**WHAT YOU WILL DO**
Reproduce the material below only from the line with "Укинути санкције, спасити" to the line with "CEC Bank debit", both included, keeping each line exact and dropping the pictures.

[[ PROVIDED DATA, beginning ]]

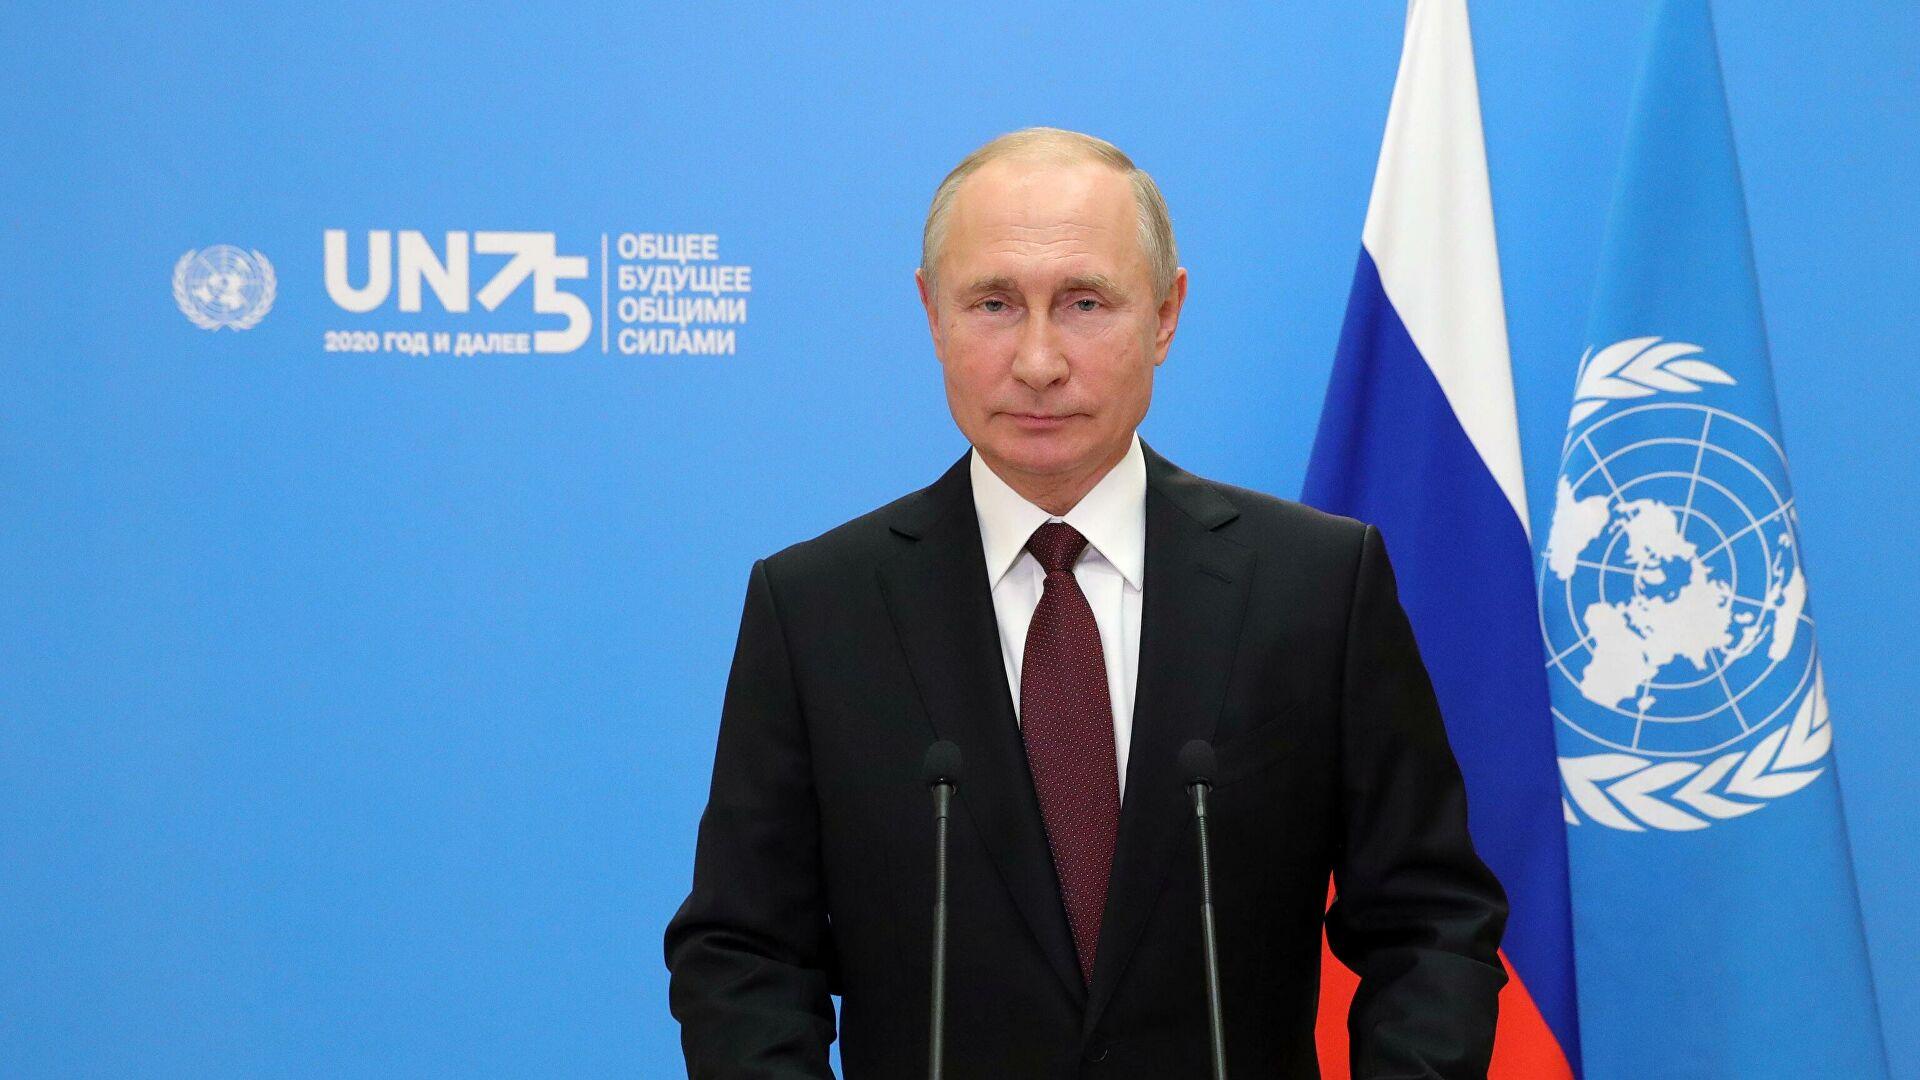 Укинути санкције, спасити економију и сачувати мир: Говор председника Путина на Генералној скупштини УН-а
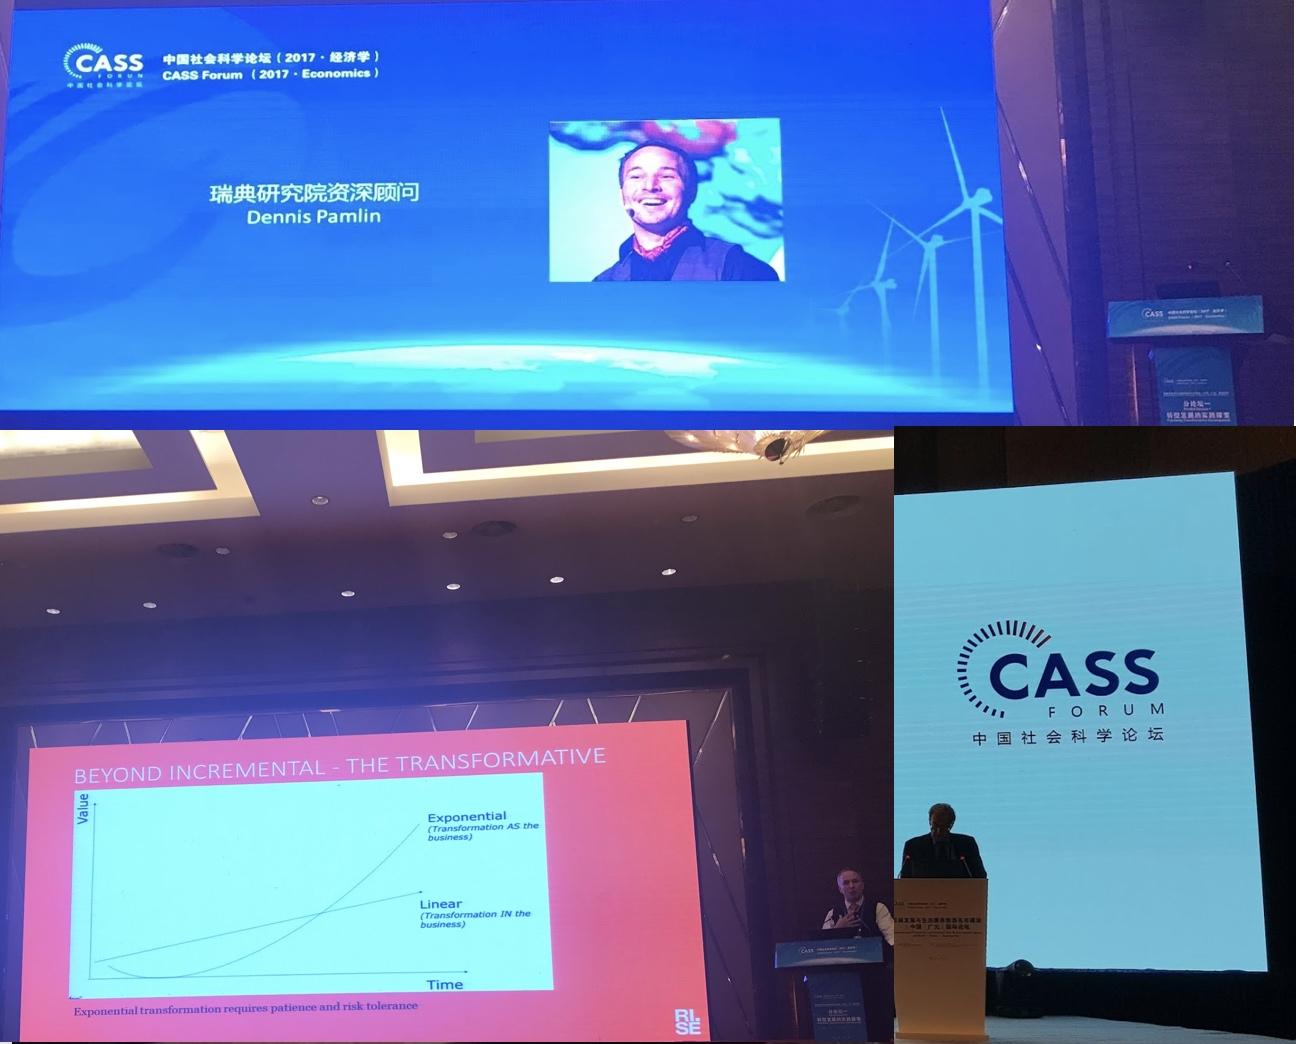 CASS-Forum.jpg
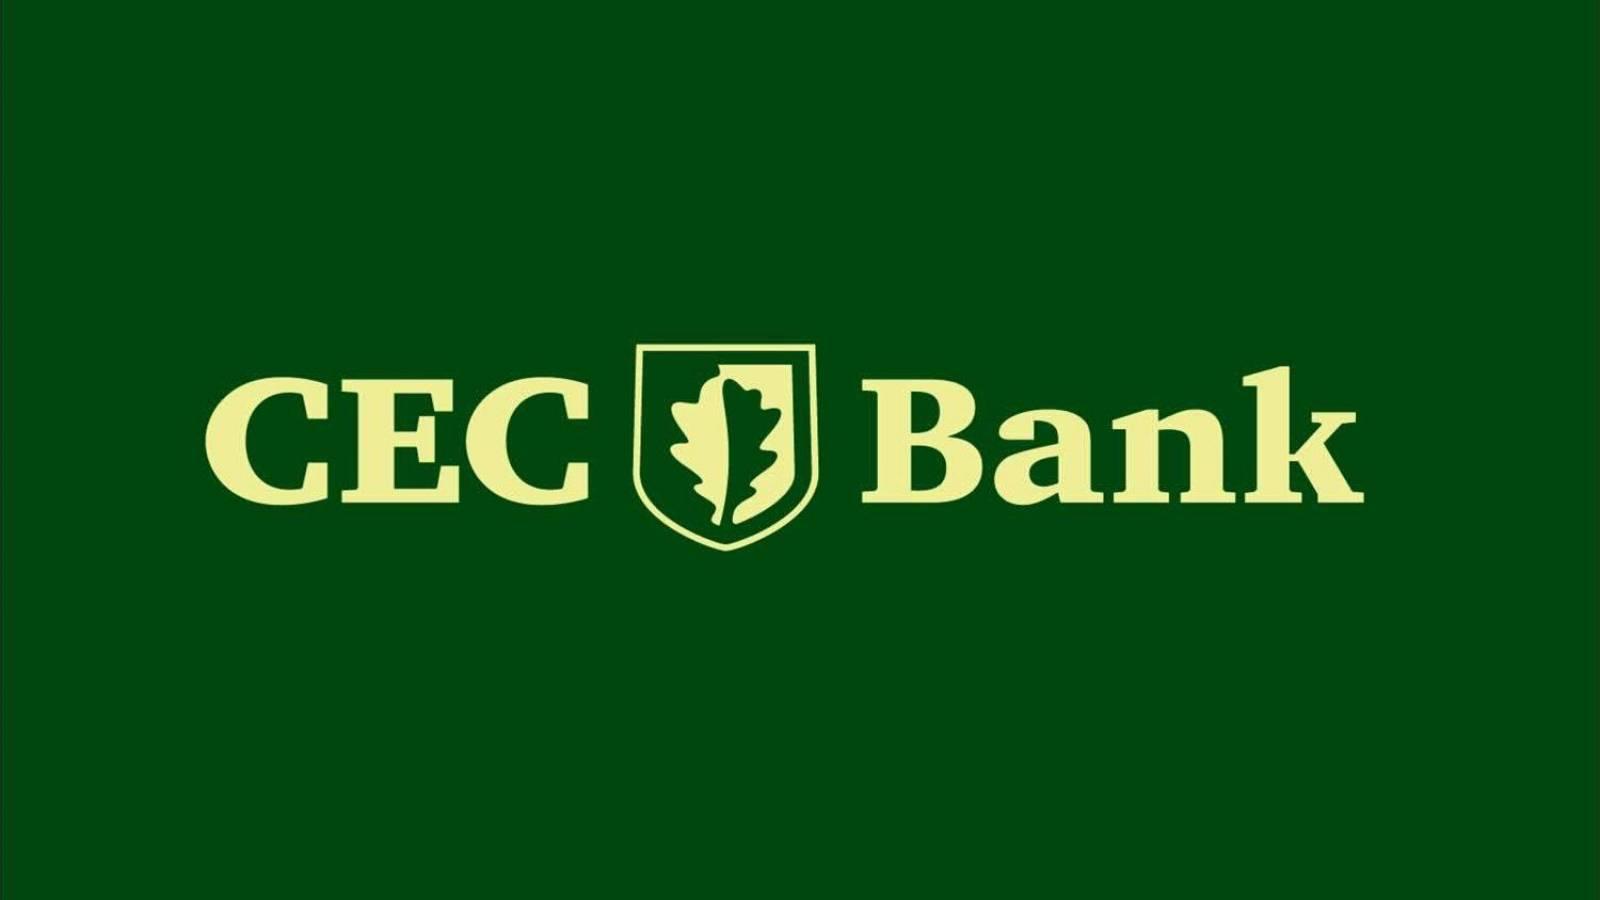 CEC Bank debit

[[ PROVIDED DATA, end ]]
[[ PROVIDED DATA, beginning ]]

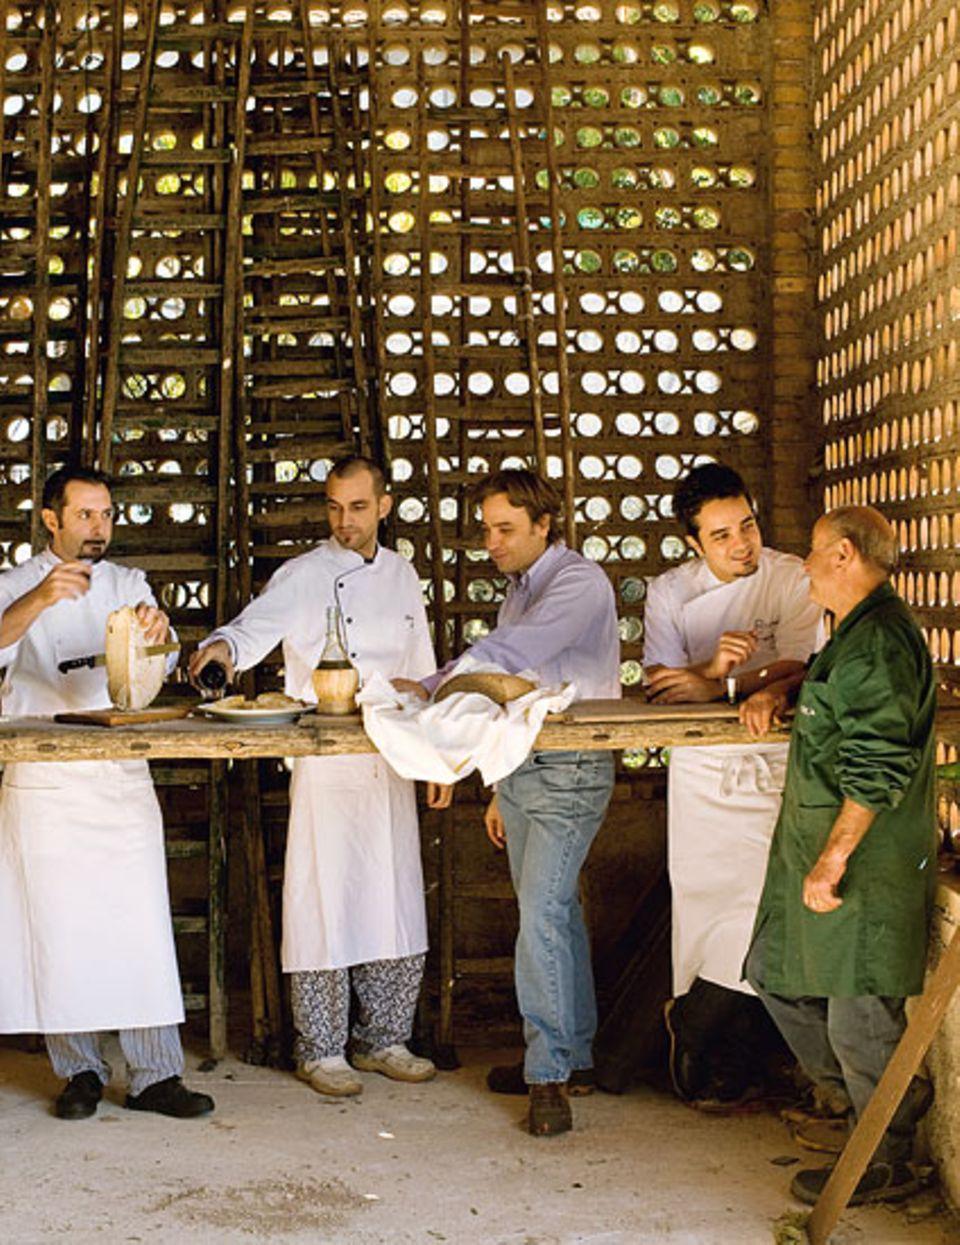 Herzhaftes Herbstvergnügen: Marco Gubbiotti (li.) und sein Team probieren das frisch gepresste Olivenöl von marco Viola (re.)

[[ PROVIDED DATA, end ]]

**OUTPUT OF THE TASK**
 Укинути санкције, спасити економију и сачувати мир: Говор председника Путина на Генералној скупштини УН-а
 CASS-Forum.jpg
 CEC Bank debit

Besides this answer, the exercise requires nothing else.